• 02/07/2018 02:02

La desigualdad expuesta en las calles

Los espectadores que dan propinas y los indiferentes que no dan ni un real

Camino al trabajo, tres, dos, una hora nos falta, solo de ida, dependiendo del nivel de ingresos o del momento de compra de la residencia, la calle ya nos muestra nuestra calidad de vida, de sol a sol en ella, la casa es nuestro dormitorio; siempre otros educando a nuestros hijos, nanas profesionales o improvisadas, si tenemos suerte, lo harán bien.

El bus no se detuvo, a esperar el próximo turno y tres paradas después, llegaré. Me pasé la roja, no importa. Me pasé la roja de nuevo y esta vez no tuvo suerte el otro.

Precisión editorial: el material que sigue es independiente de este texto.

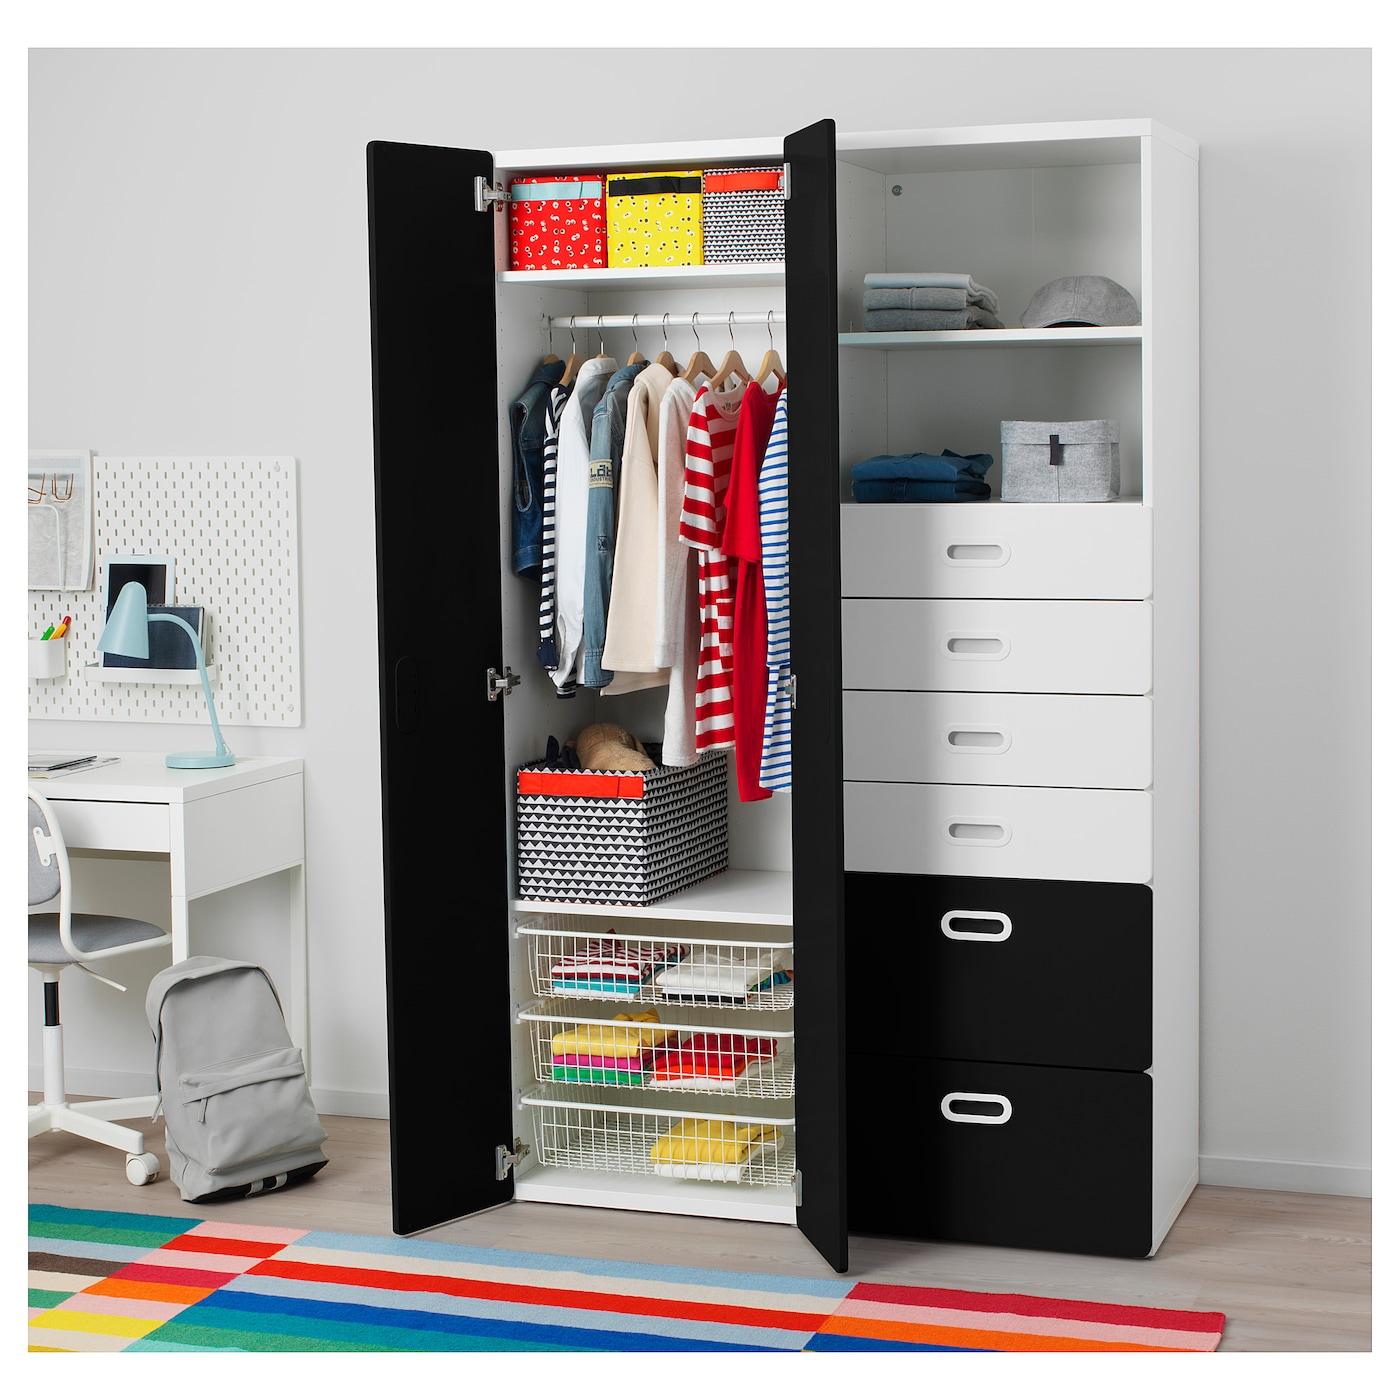 Fabulous Ikea Kledingkast With Stuva Kledingkast

Otro guardia de tránsito sin empoderar, aunque parezca prestar atención, parece ignorar a quienes se pasan la luz roja.

Peatones desafiando a los autos, la gente se abre paso por detrás y por delante de las bestias para cruzar corriendo, algunos incautos ‘chantean' mientras caminan, tendrán suerte si quien conduce no lo hace también.

Al llegar al trabajo, es muy temprano para desayunar, una empanada frita, queso procesado para decorar esta galleta de ‘cuara', alta en sodio.

Para quienes llegamos tarde, descuento directo en la quincena, sobre un salario base, para cubrir la canasta básica que no incluye mi gasto de alquiler, cuatro bocas que alimentar, otra en camino, servirá una plegaria para llegar a fin de mes y que nada pase, que nadie se enferme, que me fíe el chino, que se olvide de cobrarme y ganarme el gordito ayudaría. La esperanza no hay que perder y la data tampoco.

Al medio día, el show continúa en los semáforos, desde lanza llamas y cuchillos, hombres arañas, malabaristas, mimos con el maquillaje corrido por el sol y la humedad, guitarristas, cantantes, perfectamente sincronizados, si la luz cambia a verde antes del cobro, están perdidos. Los espectadores que dan propinas y los indiferentes que no dan ni un real.

Vendedores según el turno que toque: vendedores de periódicos tempraneros, luego el huerto sobre el asfalto, cual auto rápidos de tomates, aguacates, limones, mangos, frutas de estación, todo lo que quepa en la bolsa por un dólar.

Un anciano, deforme por la artritis, camina con dificultad en medio de los autos, bolsa de limones a dólar, camina de principio a fin de la calle, los autos tienen prisa, no se detienen.

‘Soy panameño', dice un letrero en un carrito de supermercado que se mueve por entre los autos con chucherías y la bandera panameña en una esquina, mensaje oportuno en tiempo de xenofobia disfrazada de nacionalismo, porque culpar a las minorías siempre funciona.

¿Qué fue del indigente que yacía debajo del puente? Cada día a la misma hora lo miraba, preguntándome por qué llegó a la calle. Mi indiferencia mientras estaba, desapareció cuando se fue.

La desigualdad expuesta en las calles, diseñadas para las máquinas, no para los hombres, aceras cuando las hay, son para estacionar. Pero todo es apariencia, nada que una lluvia normal no desenmascare, pero no limpie: la corrupción, permisos de construcción a diestra y siniestra, sobrecostos, materiales de baja calidad, el inminente colapso de las alcantarillas, pan hoy y hambre mañana.

Es el fin de la jornada, corro a marcar la salida y comienza la rutina del regreso a casa, en una, dos o tres horas llegaré; quiero ver a mi gato, a mi familia a mis hijos. Cenar, dormir y a comenzar todo de nuevo, mañana, el sol saldrá. ¿Es posible otra realidad?